The Catholic Church in East Timor is part of the worldwide Catholic Church, under the spiritual leadership of the Pope in Rome. Since its independence from Indonesia, East Timor became only the second predominantly Catholic country in Asia (after the Philippines), a legacy of its status as a former Portuguese colony. About 98.3% of the population is Catholic in East Timor as of 2006, which means over 1,000,000 faithful.

The country was divided into three dioceses: Dili, Baucau and Maliana (erected in 2010). These dioceses are immediately subject to the Holy See.

The Apostolic Nuncio to East Timor is concurrently the nuncio to Indonesia. The position has been vacant since 11 October 2019, and the nunciature is located in Jakarta.

History

In the early 16th century, Portuguese and Dutch traders made contact with East Timor. A Dominican mission was sent by the bishop of Malacca to Solor in 1562, and became established at Lifau in present-day East Timor in 1641. Portugal took over and maintained control of East Timor until 1974, with a brief occupation by Japan during World War II.

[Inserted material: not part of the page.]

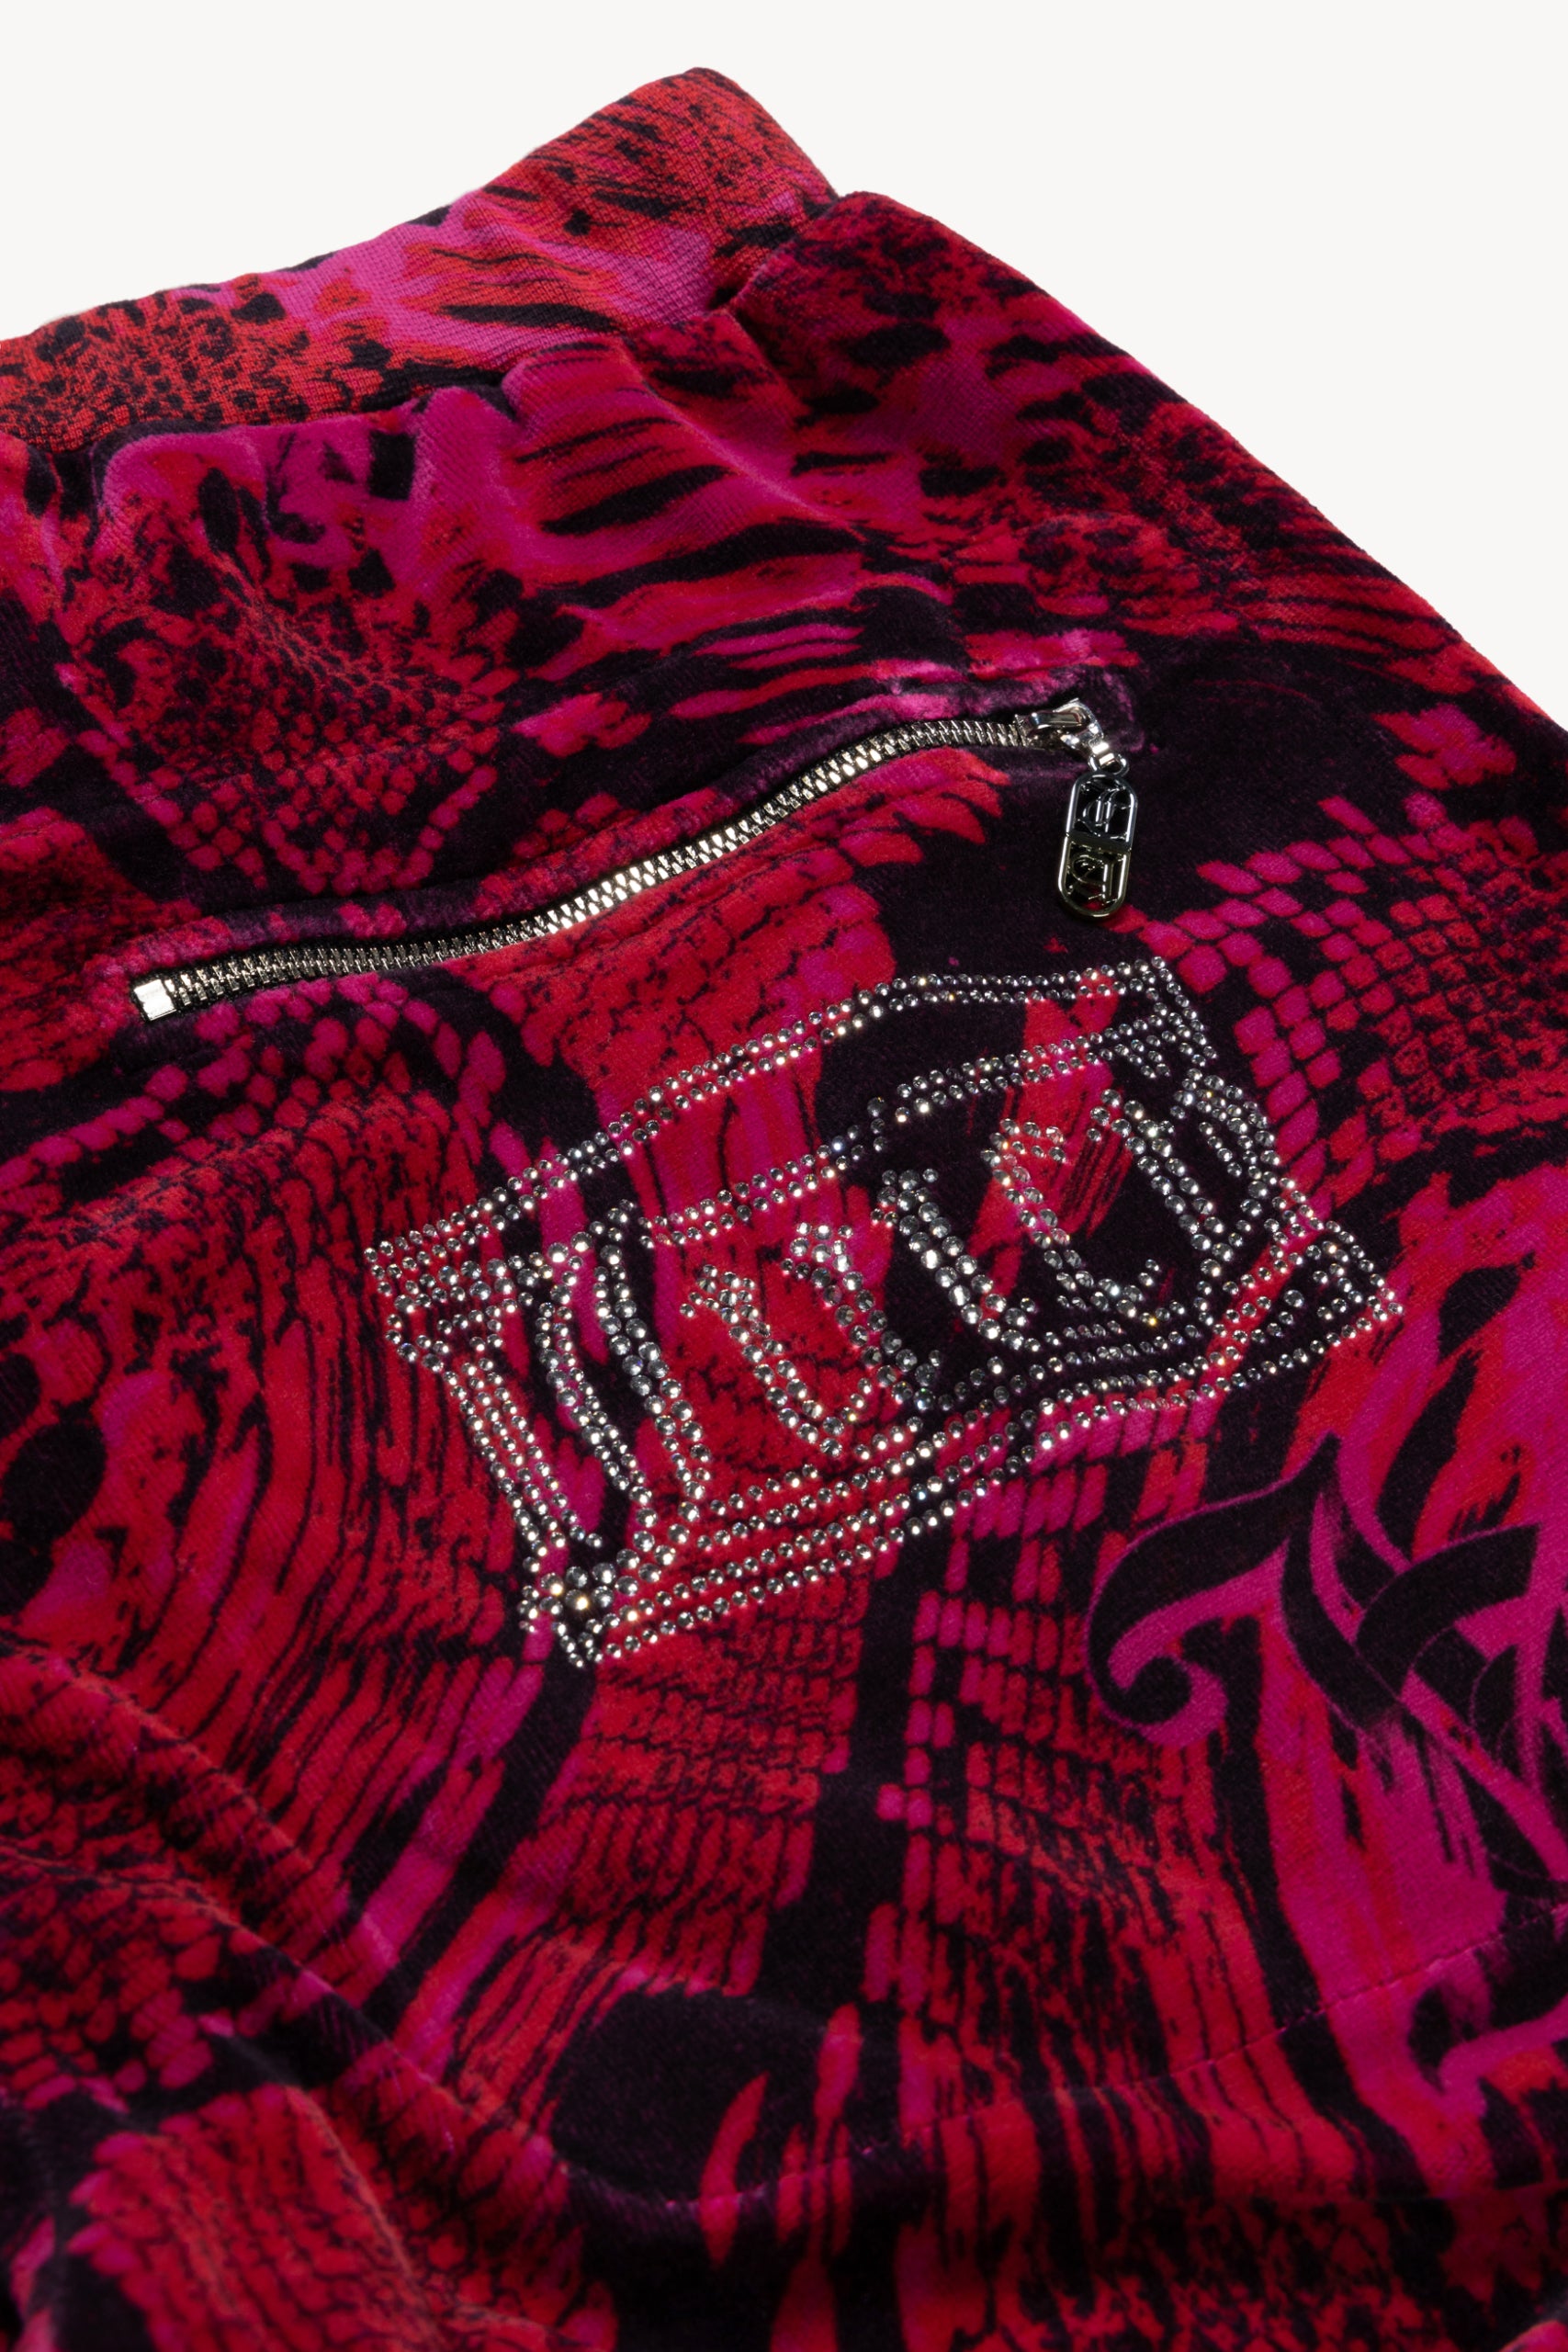 Load image into Gallery viewer, Aries x Juicy Couture Psysnake Unisex Sweatpant

Indonesia invaded East Timor in 1975 and annexed the former Portuguese colony. East Timorese animist belief systems did not fit with Indonesia's constitutional monotheism, resulting in mass conversions to Christianity. Portuguese clergy were replaced with Indonesian priests and Latin and Portuguese mass was replaced by Indonesian mass. Officially splitting from the Portuguese Church in 1975, the Church in East Timor never joined the Indonesian Church. The Church played an important role in society during the Indonesian occupation of East Timor. While just 20% of East Timorese called themselves Catholics at the time of  the 1975 invasion, the figure surged to reach 95% by the end of the first decade after the invasion. During the occupation,  Bishop Carlos Ximenes Belo became one of the most prominent advocates for human rights in East Timor and many priests and nuns risked their lives in defending citizens from military abuses. Pope John Paul II's 1989 visit to East Timor exposed the occupied territory's situation to world media and provided a catalyst for independence activists to seek global support. Officially neutral, the Vatican wished to retain good relations with Indonesia, the world's largest Muslim nation. Upon his arrival in East Timor, the Pope symbolically kissed a cross then pressed it to the ground, alluding to his usual practice of kissing the ground on arrival in a nation, and yet avoiding overtly suggesting East Timor was a sovereign country. He spoke fervently against abuses in his sermon, whilst avoiding naming the Indonesian authorities as responsible. The Pope spoke out against violence in East Timor, and called for both sides to show restraint, imploring the East Timorese to "love and pray for their enemies."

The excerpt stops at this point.